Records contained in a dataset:
=-=-=

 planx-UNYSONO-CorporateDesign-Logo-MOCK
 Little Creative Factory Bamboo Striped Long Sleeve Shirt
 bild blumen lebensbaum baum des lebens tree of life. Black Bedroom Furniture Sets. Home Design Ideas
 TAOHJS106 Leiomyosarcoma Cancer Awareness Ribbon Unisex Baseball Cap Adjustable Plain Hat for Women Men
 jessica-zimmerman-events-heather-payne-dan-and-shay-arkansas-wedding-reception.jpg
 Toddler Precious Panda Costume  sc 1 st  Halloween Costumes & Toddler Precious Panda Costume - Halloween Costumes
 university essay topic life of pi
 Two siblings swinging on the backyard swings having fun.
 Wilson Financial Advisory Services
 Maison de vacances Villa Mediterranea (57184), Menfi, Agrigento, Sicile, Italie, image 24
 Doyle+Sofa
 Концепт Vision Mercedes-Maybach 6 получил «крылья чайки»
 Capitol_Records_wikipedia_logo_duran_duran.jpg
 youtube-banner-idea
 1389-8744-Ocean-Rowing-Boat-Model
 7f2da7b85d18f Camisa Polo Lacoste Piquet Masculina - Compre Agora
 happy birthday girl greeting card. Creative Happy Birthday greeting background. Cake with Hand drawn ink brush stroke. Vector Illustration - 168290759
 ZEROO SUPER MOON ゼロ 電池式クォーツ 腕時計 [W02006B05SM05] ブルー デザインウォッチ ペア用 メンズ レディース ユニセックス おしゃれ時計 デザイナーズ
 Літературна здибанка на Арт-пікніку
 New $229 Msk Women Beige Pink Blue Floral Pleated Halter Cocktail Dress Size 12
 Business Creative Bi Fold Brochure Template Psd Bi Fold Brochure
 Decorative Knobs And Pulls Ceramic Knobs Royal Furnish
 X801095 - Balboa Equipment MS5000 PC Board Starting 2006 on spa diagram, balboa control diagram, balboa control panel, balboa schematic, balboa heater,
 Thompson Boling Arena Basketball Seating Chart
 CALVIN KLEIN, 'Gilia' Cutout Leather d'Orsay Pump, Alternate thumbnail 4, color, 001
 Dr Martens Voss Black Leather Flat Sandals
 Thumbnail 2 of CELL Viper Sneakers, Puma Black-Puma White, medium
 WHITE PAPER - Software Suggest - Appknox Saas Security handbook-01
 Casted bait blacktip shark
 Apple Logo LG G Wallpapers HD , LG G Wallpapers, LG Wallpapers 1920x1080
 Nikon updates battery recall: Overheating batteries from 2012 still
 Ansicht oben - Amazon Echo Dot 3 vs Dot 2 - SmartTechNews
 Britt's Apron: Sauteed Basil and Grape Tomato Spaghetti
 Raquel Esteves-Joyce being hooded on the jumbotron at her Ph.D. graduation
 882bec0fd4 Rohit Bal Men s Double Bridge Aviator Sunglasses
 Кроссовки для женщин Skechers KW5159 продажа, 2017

=-=-=

▶ _ASSIGNMENT_: Look above for the line that contains "Casted bait blacktip shark". That line and every line after it through the end of the data must be written out exactly, with nothing else.

▶ _YOUR RESPONSE_:
 Casted bait blacktip shark
 Apple Logo LG G Wallpapers HD , LG G Wallpapers, LG Wallpapers 1920x1080
 Nikon updates battery recall: Overheating batteries from 2012 still
 Ansicht oben - Amazon Echo Dot 3 vs Dot 2 - SmartTechNews
 Britt's Apron: Sauteed Basil and Grape Tomato Spaghetti
 Raquel Esteves-Joyce being hooded on the jumbotron at her Ph.D. graduation
 882bec0fd4 Rohit Bal Men s Double Bridge Aviator Sunglasses
 Кроссовки для женщин Skechers KW5159 продажа, 2017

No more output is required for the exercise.